--- WHAT NEEDS TO BE DONE ---
The line containing "Stress-free household moving", and every line after it to the end of the listing, should be repeated exactly; the pictures should not.

--- EXERCISE DATA ---
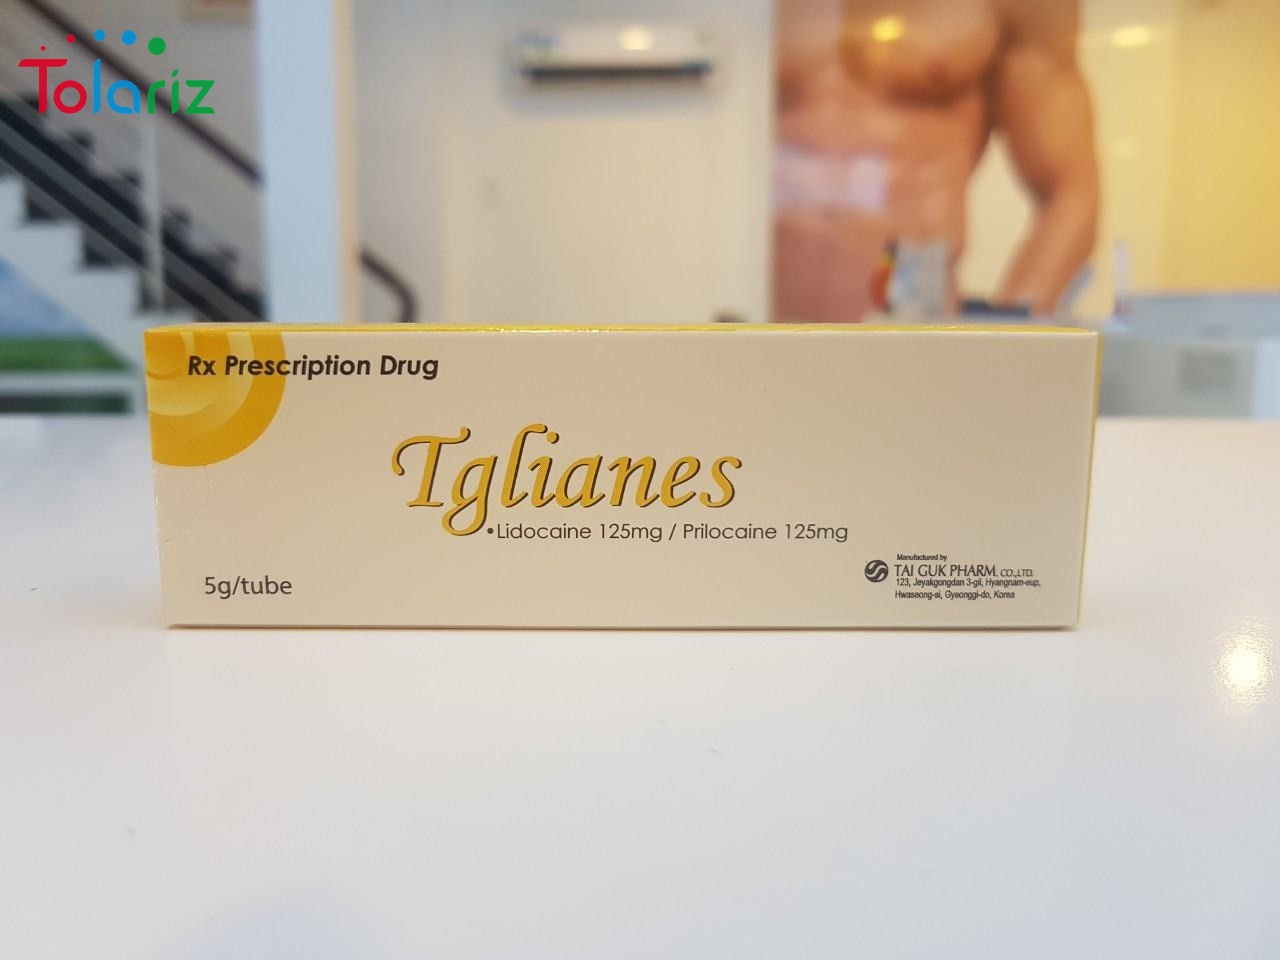 Thuốc Bôi Tglianes: Công Dụng, Thành Phần, Cách Dùng Hiệu Quả
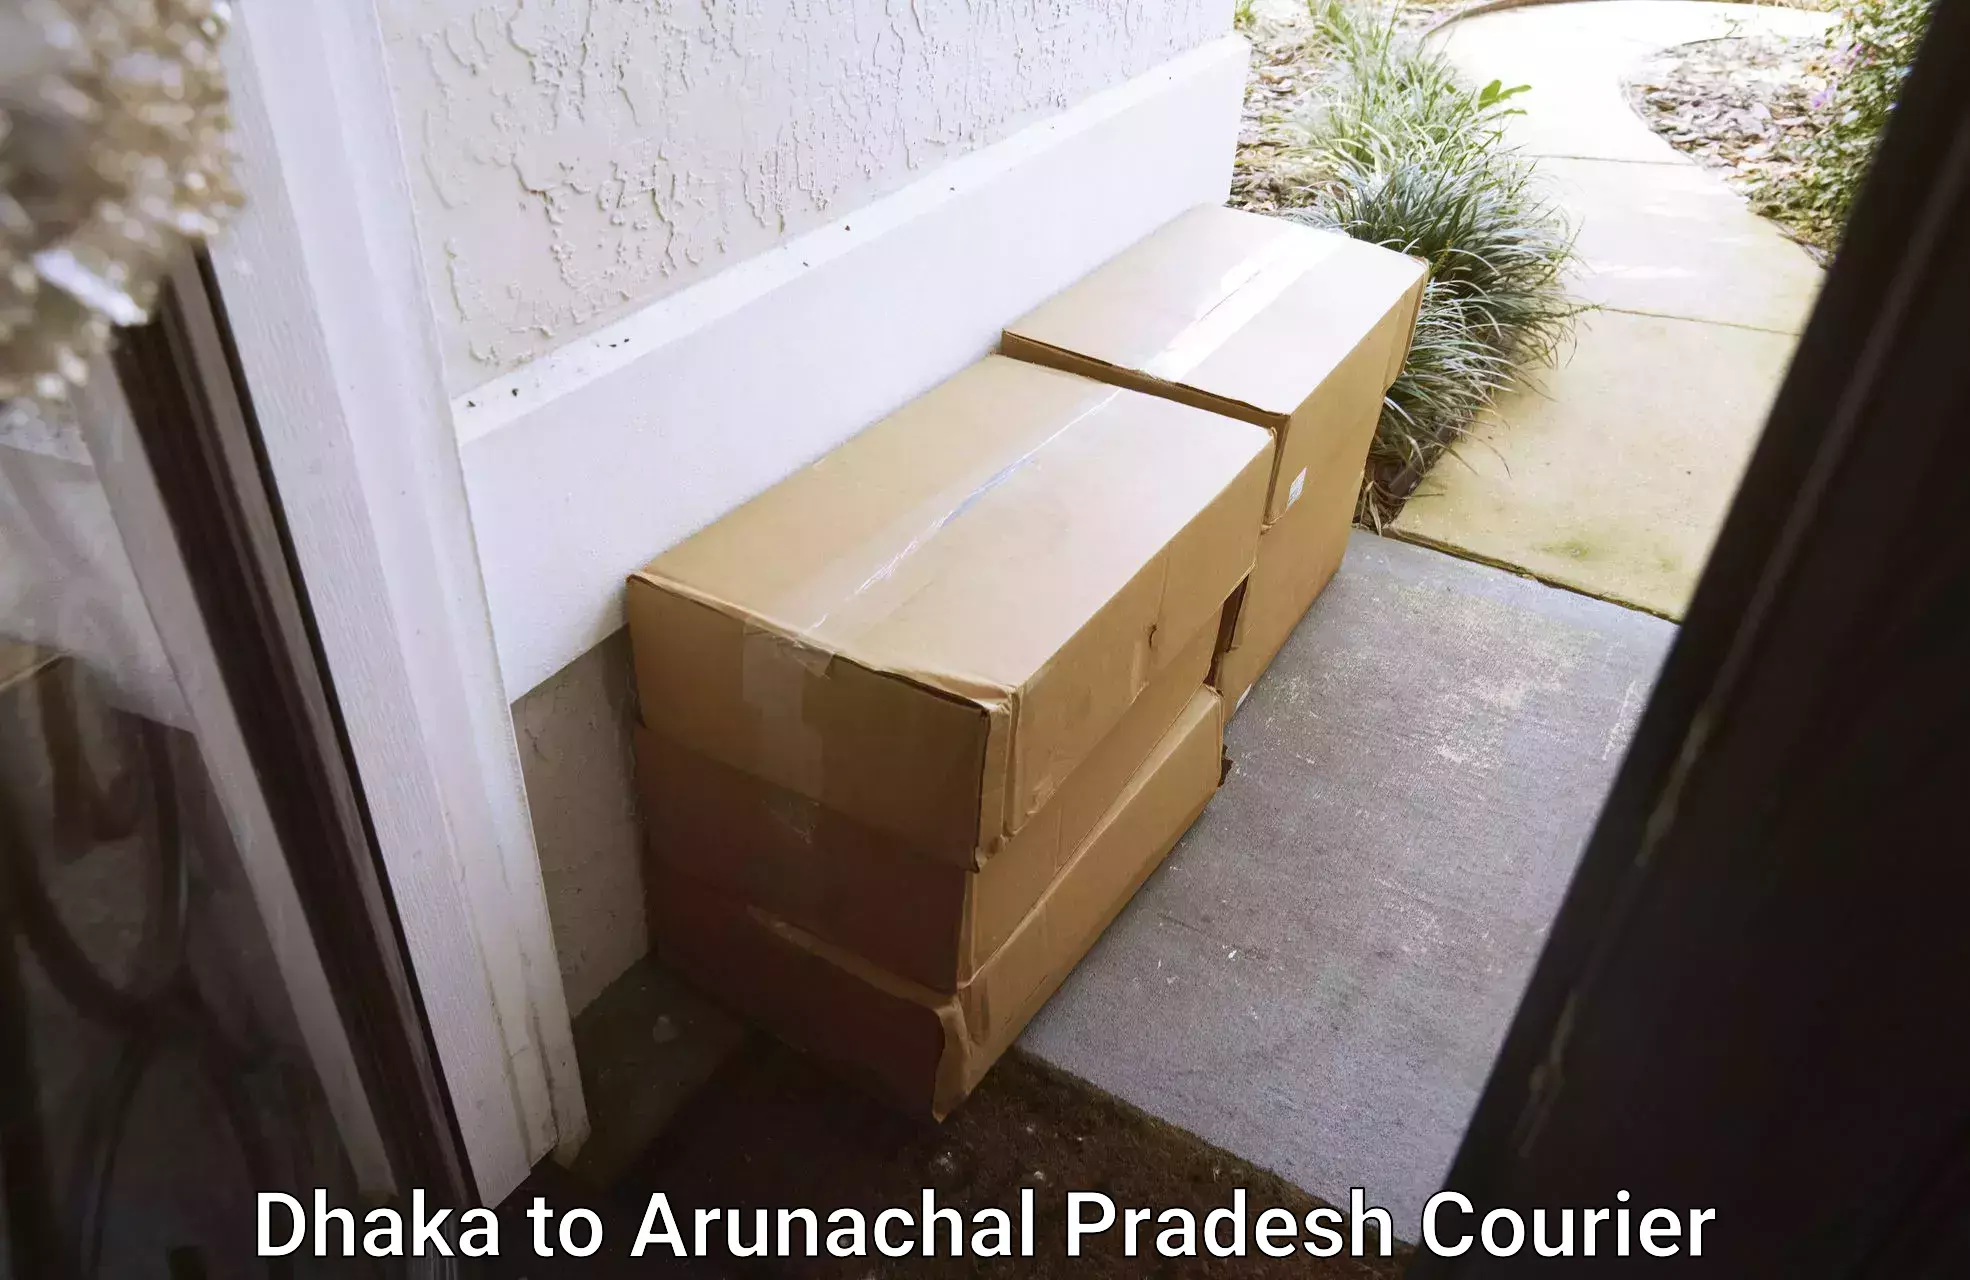 Stress-free household moving Dhaka to Arunachal Pradesh
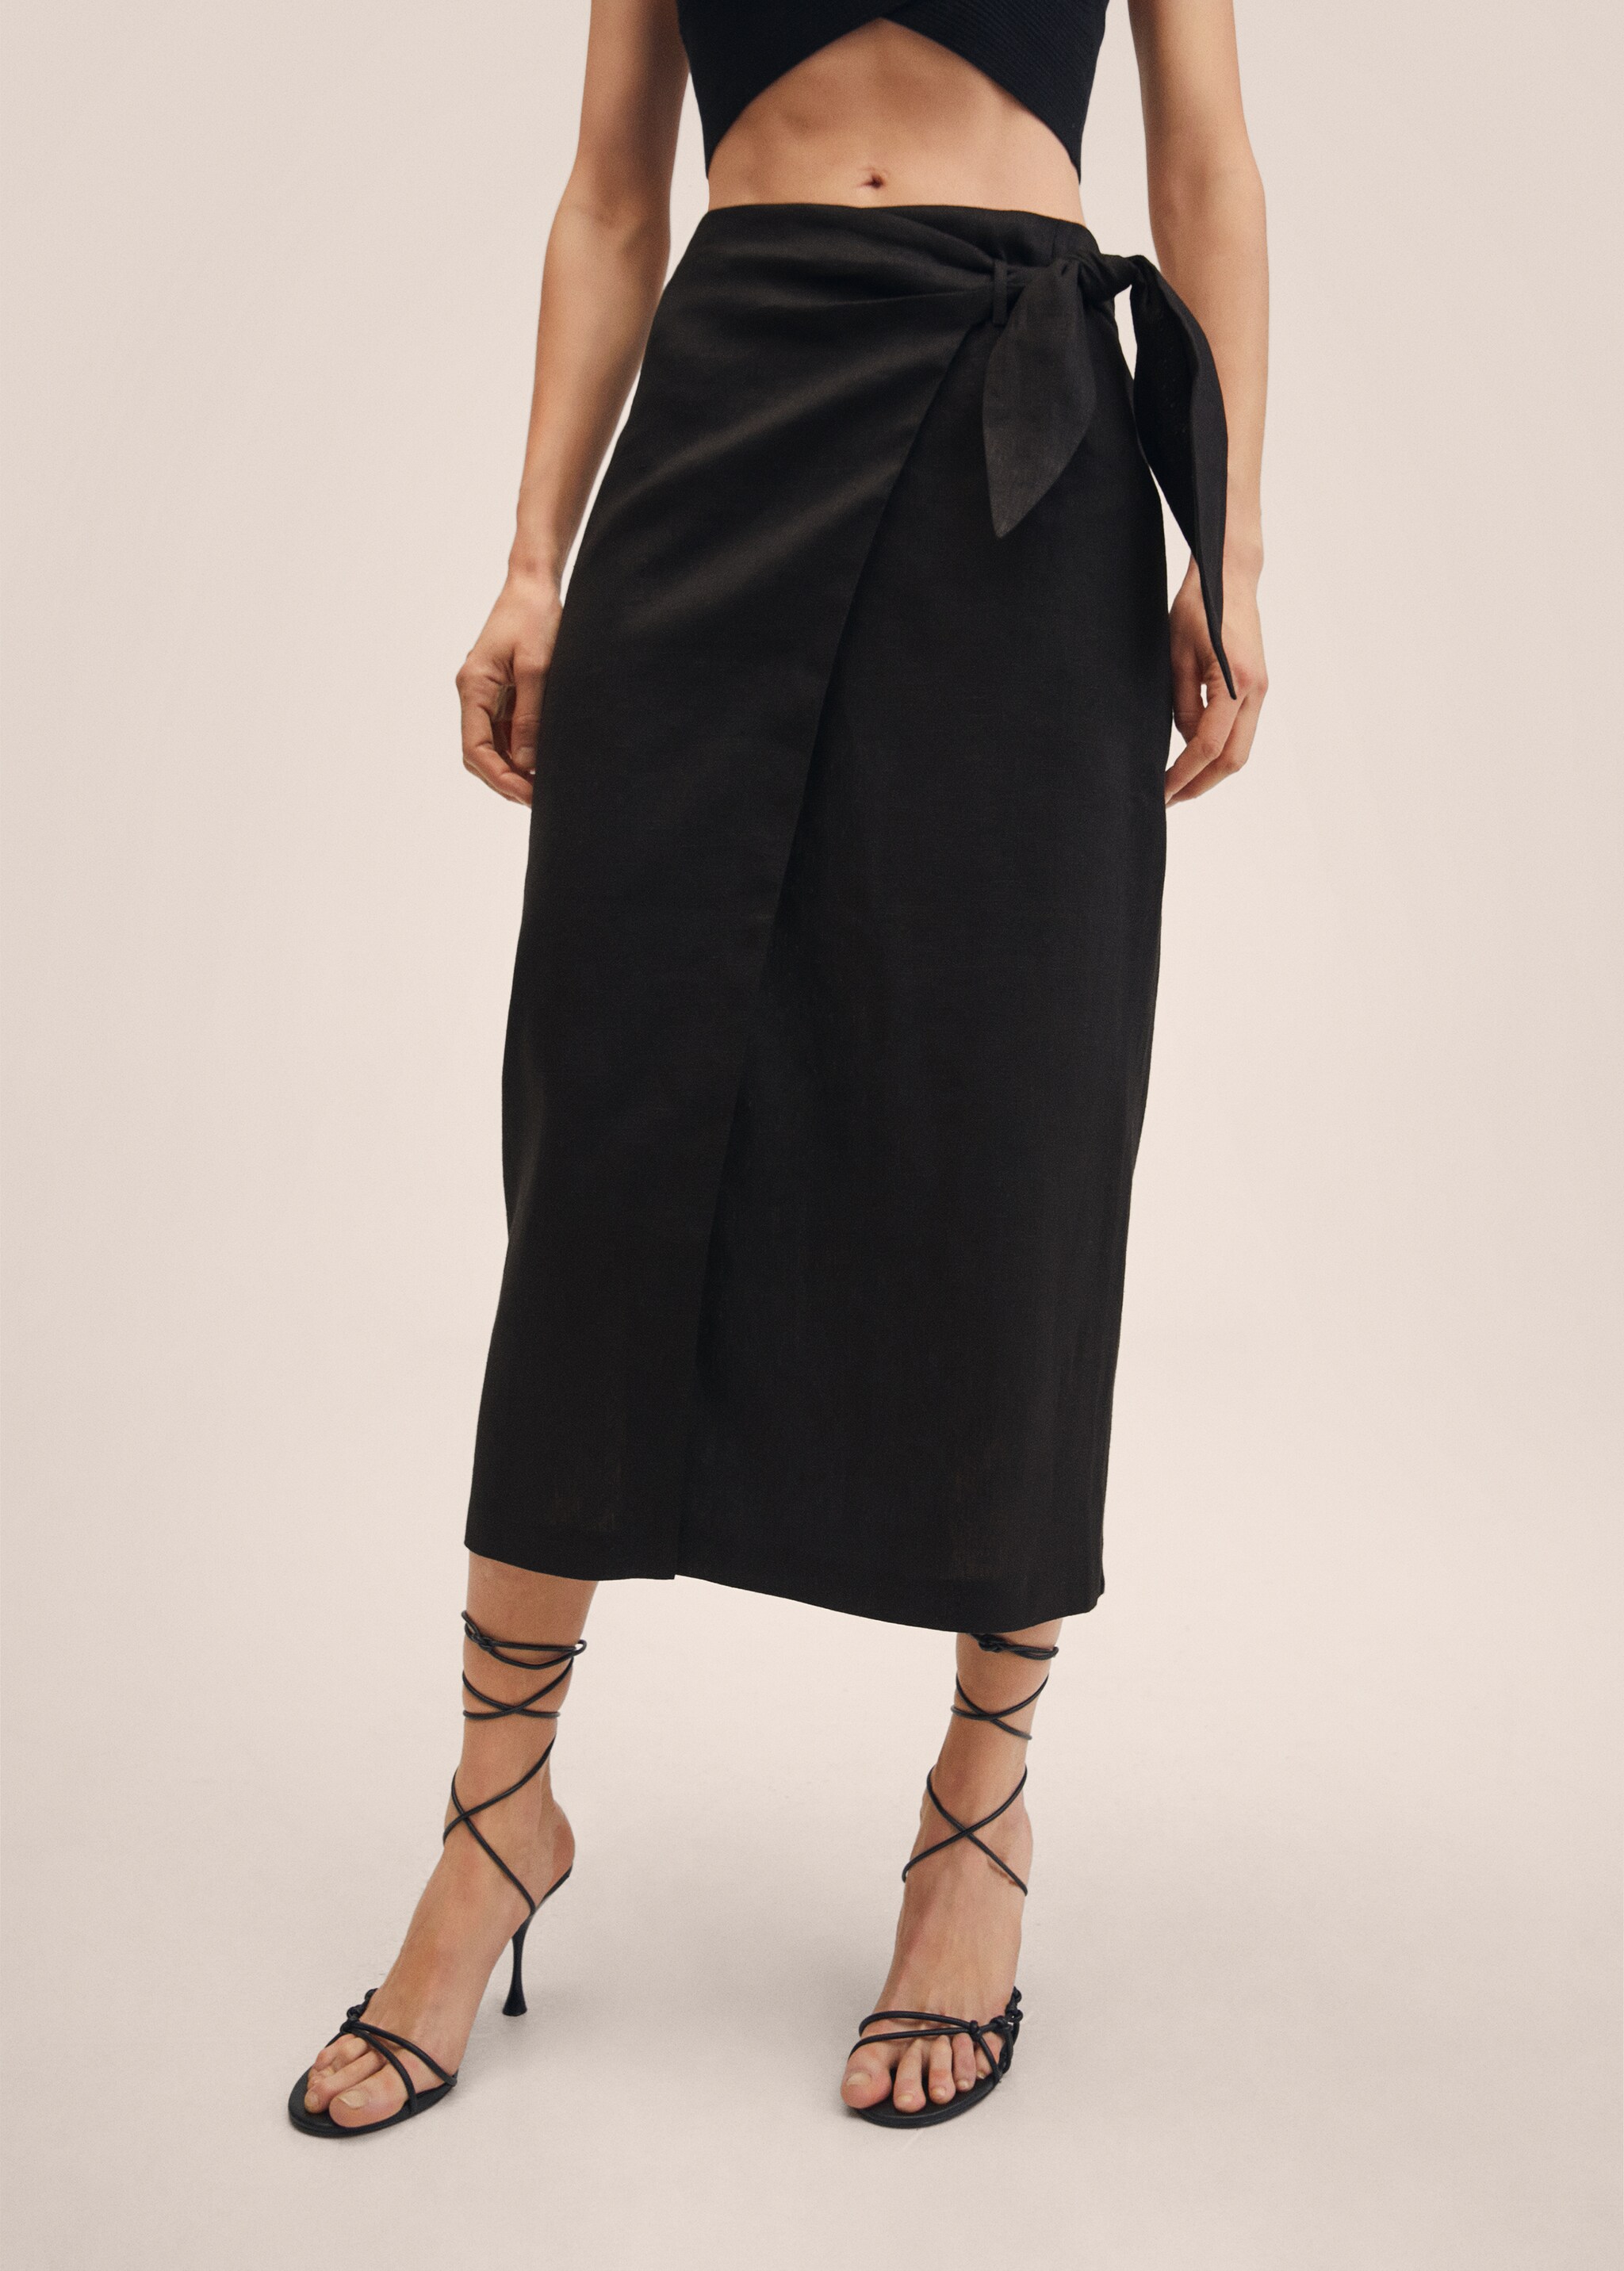 100% linen skirt - Medium plane

--- OUTPUT BELOW ---
 Stress-free household moving Dhaka to Arunachal Pradesh
 100% linen skirt - Medium plane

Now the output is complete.